Focus on: Luke McQueen

Lyle Brennan finds an unpredictable interviewee in peak physical form

feature (edinburgh) | Read in About 4 minutes
33328 large
100487 original
Published 04 Aug 2015

When I creep into Luke McQueen's rehearsal he is drilling his opening line, over and over: "Hello! How is everyone?" It's a safe choice – foolproof, even. But the stony-faced man opposite him just keeps sending him back to the stage-side toilet to burst out yet again.

What becomes clear after an embarrassingly long time is that McQueen (along with his companion, fellow comic Joe Bor) is in no mood for an earnest interview. The 'rehearsal' concludes and Bor, supervising, sets up two chairs facing each other; they’re a good 20ft apart. It’s not the discomfiting welcome McQueen gave in his 2014 show—when we found him slumped and half-naked, unresponsive until slapped—but it’s not exactly reassuring.

I am handed a memo: "A list of things I don't wish to discuss: The weather; My passwords; Any of my dead pets; My doughy physique; Books." That second-last one prompts a cringe – it's an uncharitable description from Fest's review of Now That's What I Luke McQueen, a grim spectacle of self-abasement by a comic driven mad by his own desperation for success.

Ground rules noted, we address this year's offering, the spuriously named Double Act. "I used to be in a double act," he deadpans, "and basically it's very painful seeing that person go off to have great success when you have none, and you're the one with all the talent and the ideas. And that person's got all the money and the fame… and the food. I will be naming them in the show. There may be some hints."

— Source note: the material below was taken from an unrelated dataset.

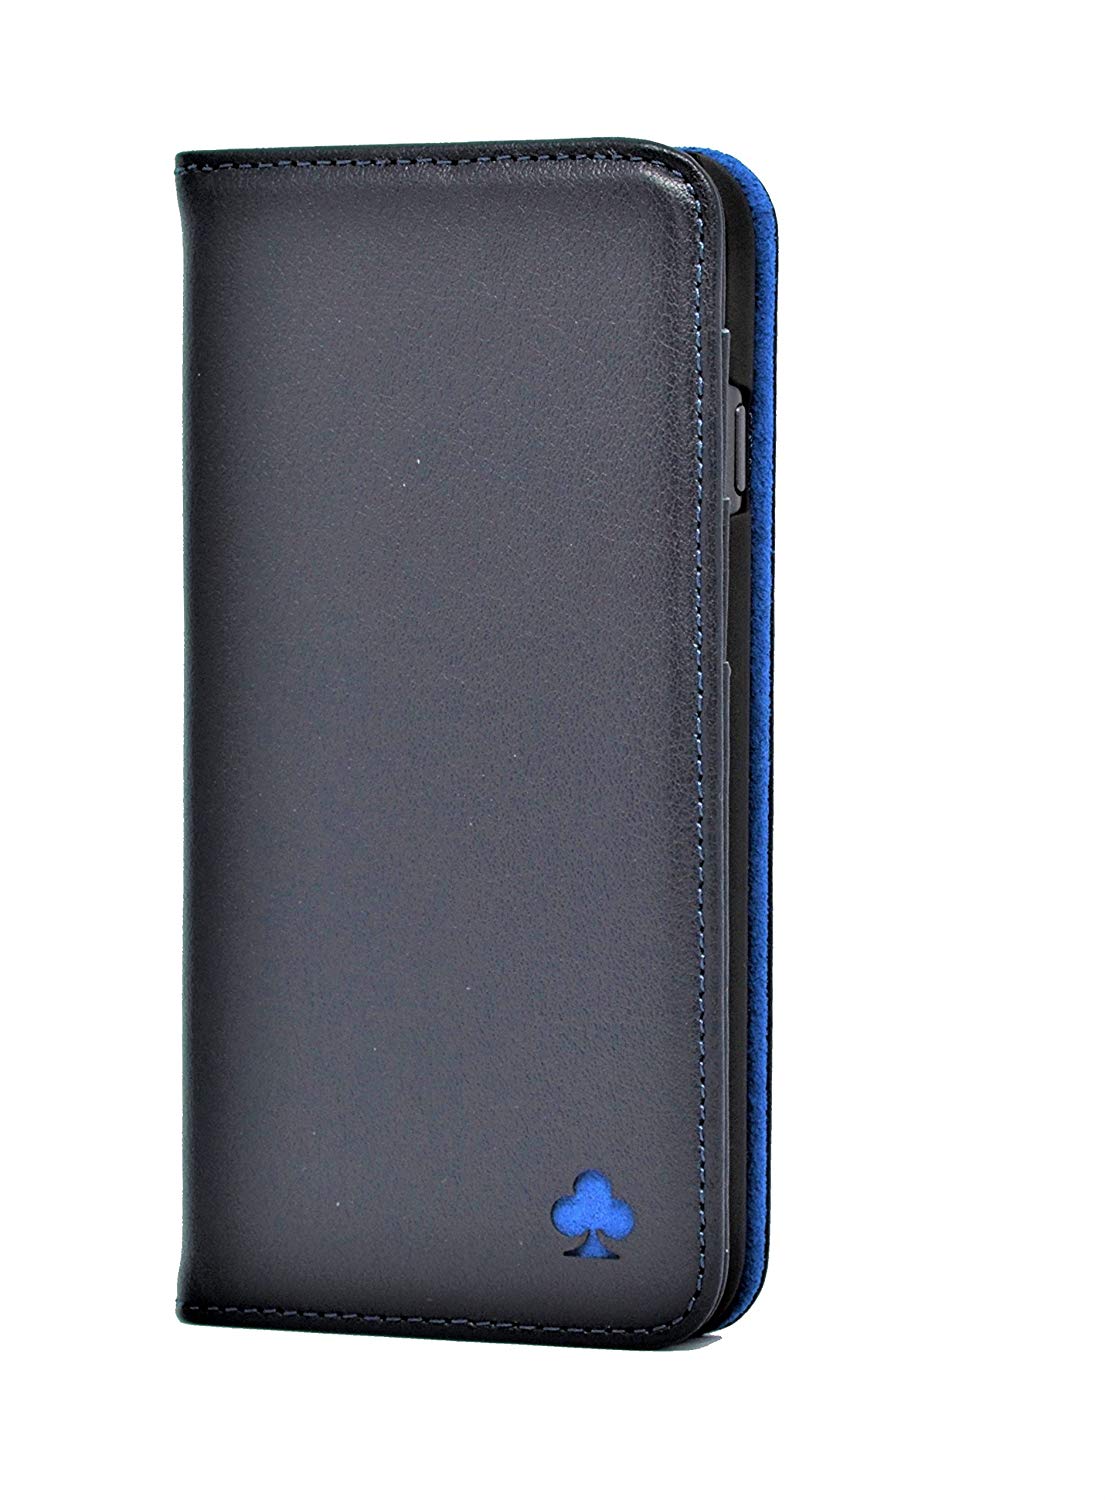 iPhone 6 / 6S Leather Case. Premium Slim Genuine Leather Stand Case/Cover/Wallet (Navy & Blue)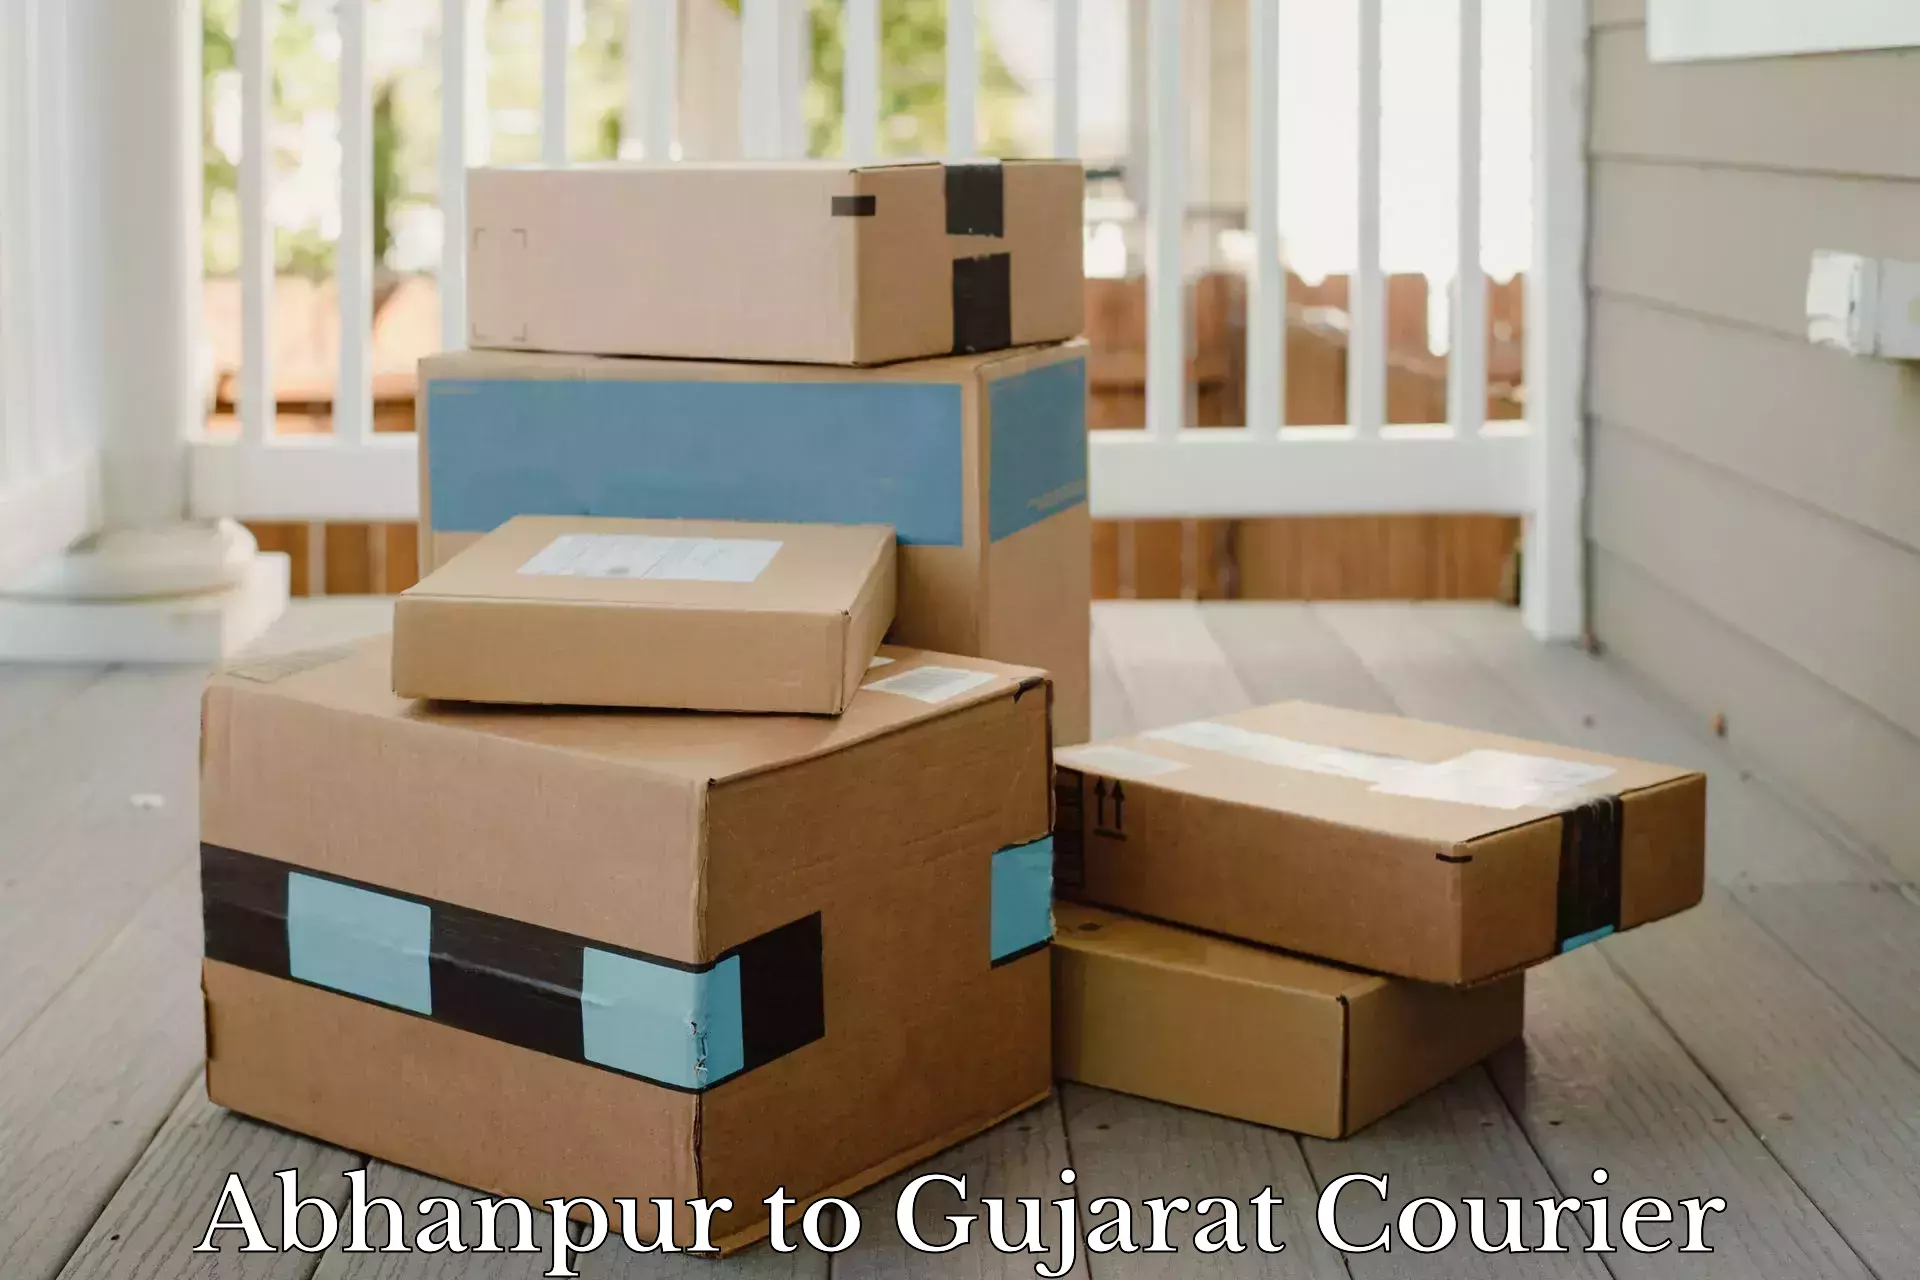 Weekend courier service Abhanpur to Dahej

From the corner, Bor mutters: "Luke, you've got to do your thing... fitness regime." McQueen jumps to his feet and starts running on the spot. It seems remiss not to ask why.

"Well, last year I got some reviews that were quite negative about my physical appearance. You might have said I had... a doughy physique? This year I want to make sure that people are focused on the art."

And so every now and then, McQueen breaks into a jog. The conversation continues like this. When I ask about his progression since The Gadabouts, his long-disbanded sketch trio with Joe Bor and Matt Rudge, Bor takes his place and replies for him in a monotone: “I've changed quite a bit. I suppose I didn't take many risks. I wanted to be liked. I didn't know a lot about comedy when I started out. I'm a very different comedian now.”

Later, Bor flips his notepad to reveal he’s been sketching me all this time. Then McQueen declares a game of hide-and-seek, but since we’re in the stark white box of the Invisible Dot (the London HQ of his producers this year) he just stands next to a ladder, staring at me. Bor secretes himself in the toilet, and we leave him there.

There’s plenty to report besides, but—more so than any talk of influences, or turning failures into material, or of the brazen video stunts that last year saw him admit to a packed Pleasance Dome that he, not Frankie Boyle, would be the evening’s entertainment—it’s these mind games that come closest to the experience of watching Luke McQueen live. On stage he is petulant and unpredictable, both sadist and masochist. For every set piece designed to wrong-foot and intimidate the audience, there’s another in which he stomps his own dignity into dust.